LAW & PUBLIC SAFETY

Kids taken from parents at southern border end up in Camden County

BY Brenda Flanagan, Senior Correspondent |

“Our job is really not the circumstances that brought them to us, it’s to care for them and keep them safe,” said Eileen Henderson, COO at the Center for Family Services.

Henderson’s Camden-based agency got a $4 million contract to care for unaccompanied minors picked up by U.S. Border Patrol. Part of the stream of unauthorized immigrants across the southern border, they comprise four moms and their babies, plus 19 boys and girls aged 13 to 17 who are now sheltering with the Center for Family Services. Three of those teens were forcibly removed from their parents.
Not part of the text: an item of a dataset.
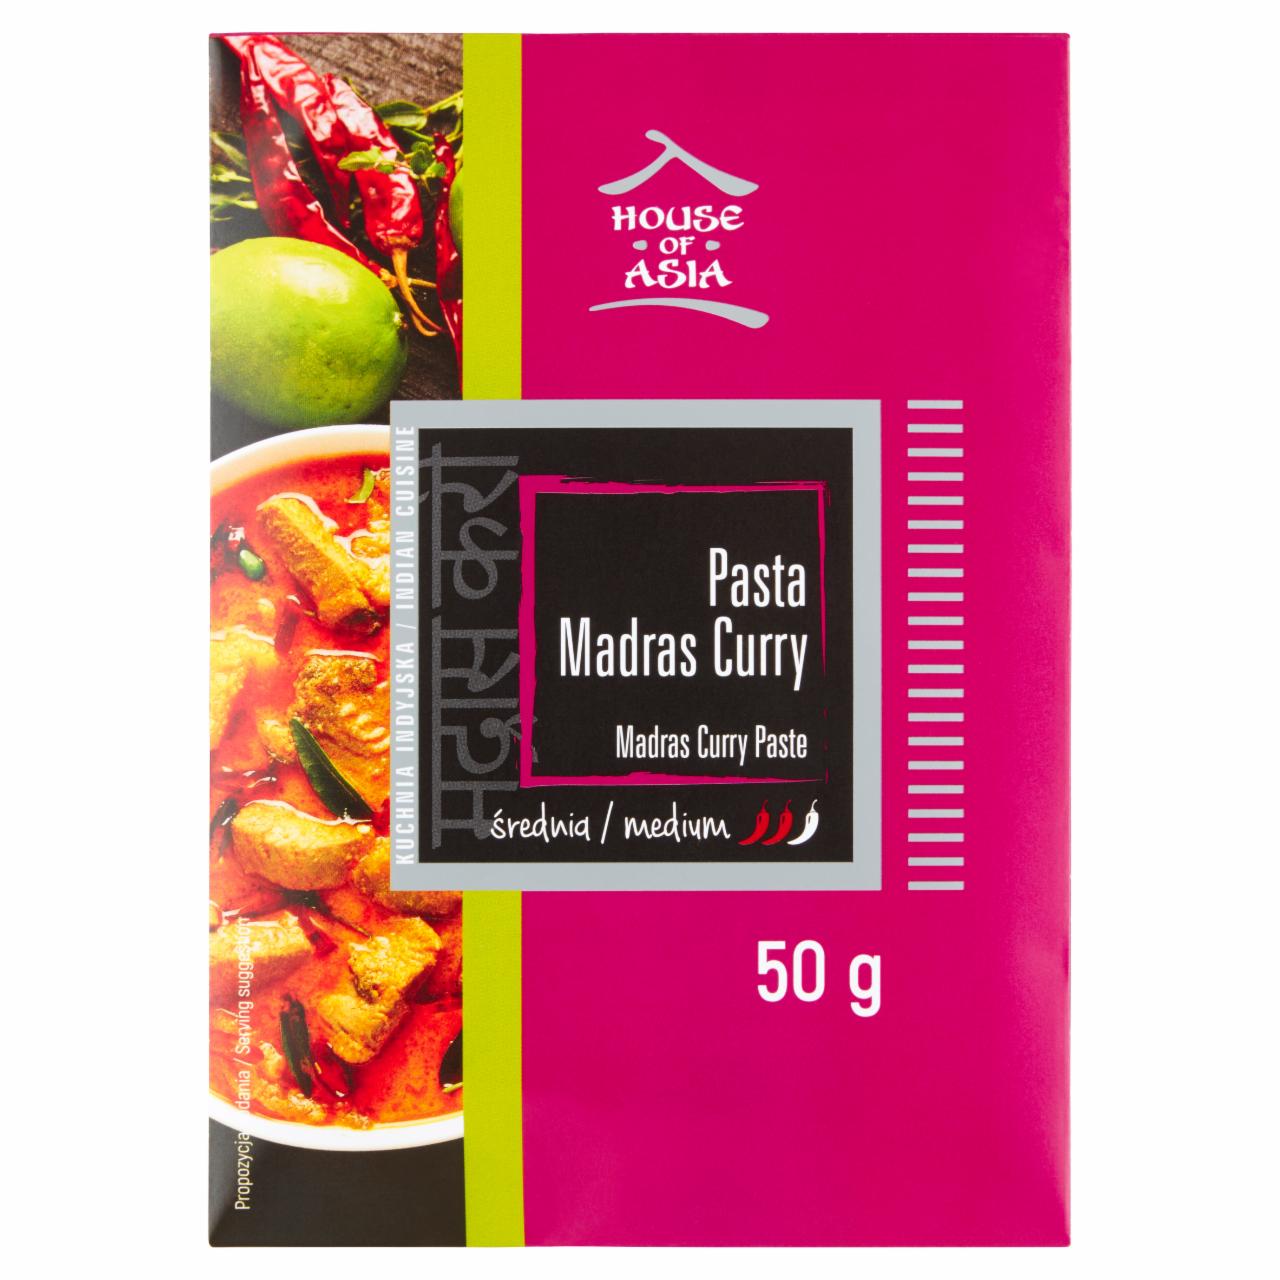 Zdjęcia - House of Asia Pasta Madras Curry średnia 50 g

“In general, the youth are extremely grateful to have a warm bed, to have food. Some of them haven’t eaten for days before they’ve gotten here,” Henderson said. “And their deep heartfelt struggles are shared with professional therapists, so we more focus on how can we give you some normalcy for a short amount of time, connect you with people who love and care about you.”

Henderson says the teens stay in the center’s network of 17 unidentified safe houses across southern New Jersey — and that they’re well cared for. She says no one is confined.

“We’re not a locked facility. The youth are determined to be low-risk for wanting to run away, and low-risk for harming themselves or anyone else,” she said. “They need a safe place to go with the goal that we’re going to get them back to their family whenever possible.”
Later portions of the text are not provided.